Querying Layers with GraphQL

TerminusDB stores version control information in internal system graphs that can be queried using GraphQL. This guide explains how to access and query layer objects, which represent specific versions of your data and schema at different points in time.

Understanding Layers

Layers are the fundamental storage units in TerminusDB's version control system. Each layer represents an immutable snapshot of your data or schema at a specific point in time. Layers are content-addressed using a SHA-1 hash identifier, which allows TerminusDB to deduplicate storage and efficiently track changes.

Layer Properties

The layer:Layer class has the following structure:

  • layer_identifier - The SHA-1 hash that uniquely identifies the layer content (40 hexadecimal characters)

Note: In GraphQL queries, the field is named layer_identifier because it derives from the layer:identifier property in the RDF schema.

Accessing Layers through System Graphs

Layers can be queried through three different system graph endpoints:

Meta Graph

To access repository and layer information for a specific data product:

http://127.0.0.1:6363/api/graphql/ORG/DATA_PRODUCT/_meta

Commit Graph

To access commit history, branches, and their associated layers:

http://127.0.0.1:6363/api/graphql/ORG/DATA_PRODUCT/local/_commits

System Graph

For instance, to get only system graph access, you can use the following endpoint:

http://127.0.0.1:6363/api/graphql/_system

Querying Layers through Repositories

The most common way to access layer information is through repository objects. Repositories have a head property that points to the current layer.
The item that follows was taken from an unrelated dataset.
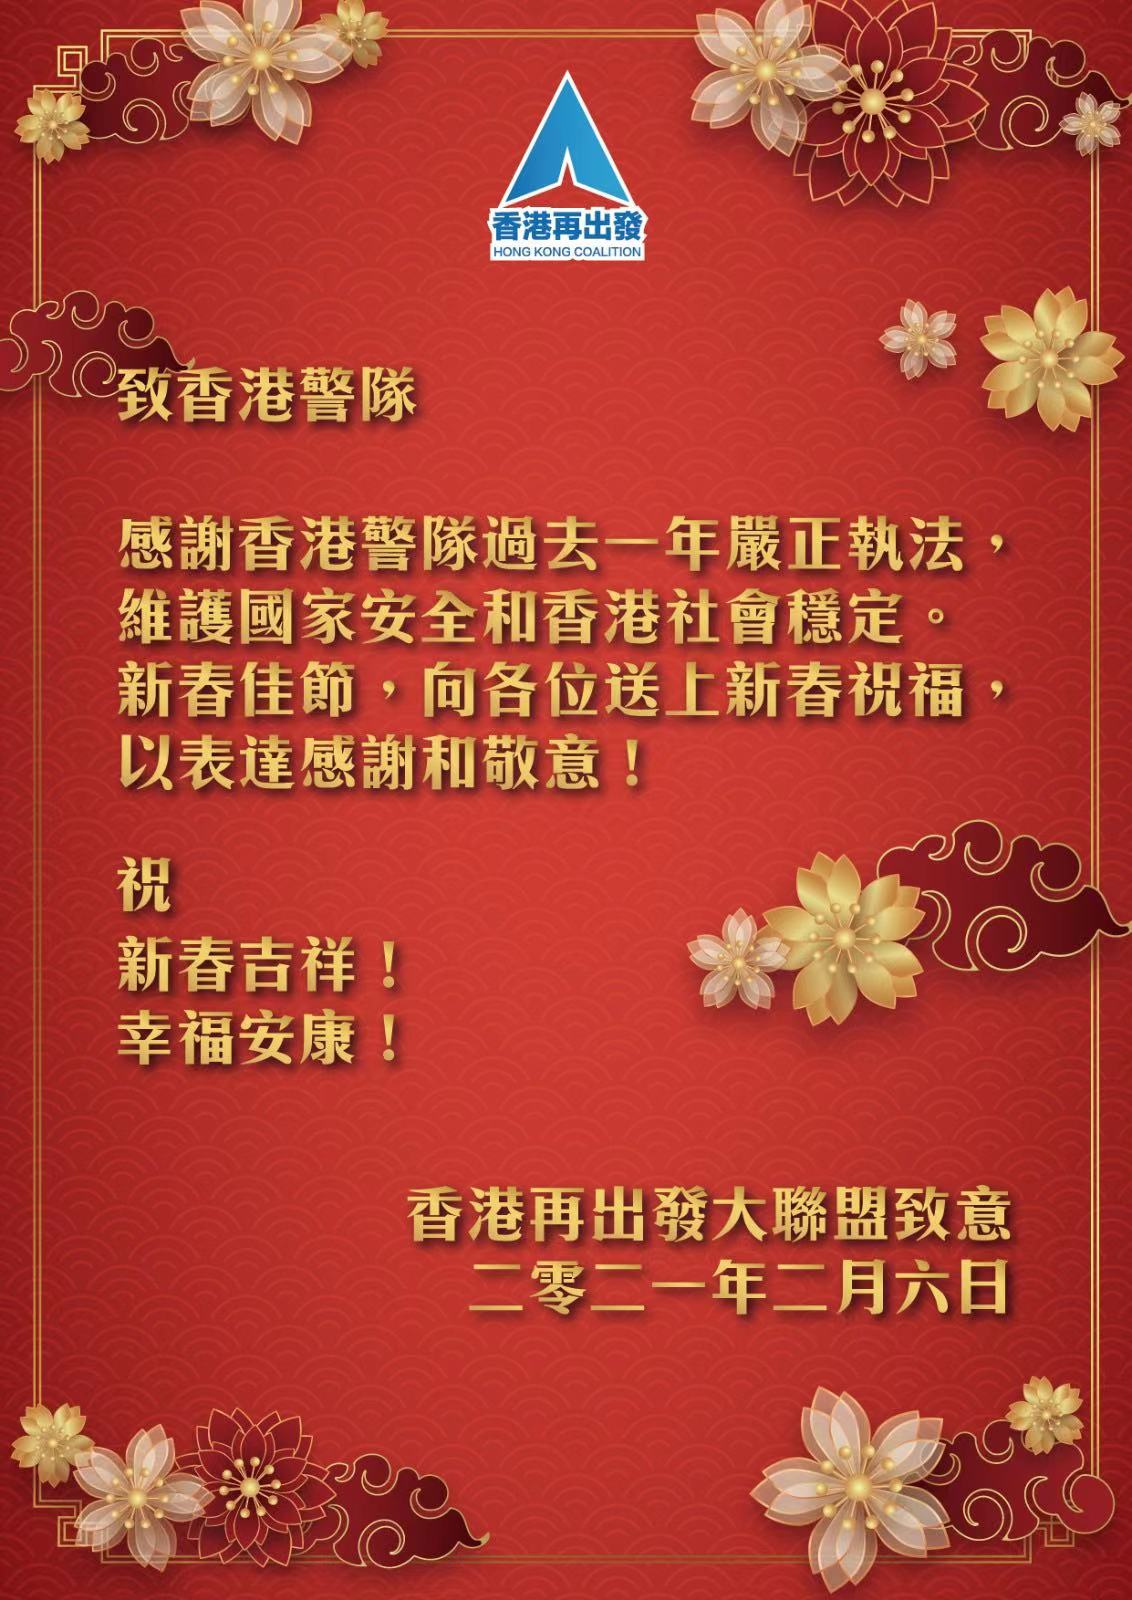 「香港再出發大聯盟」到警總送新春祝福

Query Repository Head Layer

Here's how to query repository head layers using curl with basic authentication:

curl -X POST "http://127.0.0.1:6363/api/graphql/admin/my-database/_meta" \
  -u admin:root \
  -H "Content-Type: application/json" \
  -d '{"query":"query { Local { name head { layer_identifier } } }"}'

Replace my-database with your actual database name.

The equivalent GraphQL query is:

query {
  Local {
    name
    head {
      layer_identifier
    }
  }
}

This query returns the current head layer for all local repositories:

{
  "data": {
    "Local": [
      {
        "name": "local",
        "head": {
          "layer_identifier": "2da4448a794d8f60bee0ffbca7330c0f2288461d"
        }
      }
    ]
  }
}

The name field typically returns "local" for the local repository, and the layer_identifier is the SHA-1 hash of the current head layer.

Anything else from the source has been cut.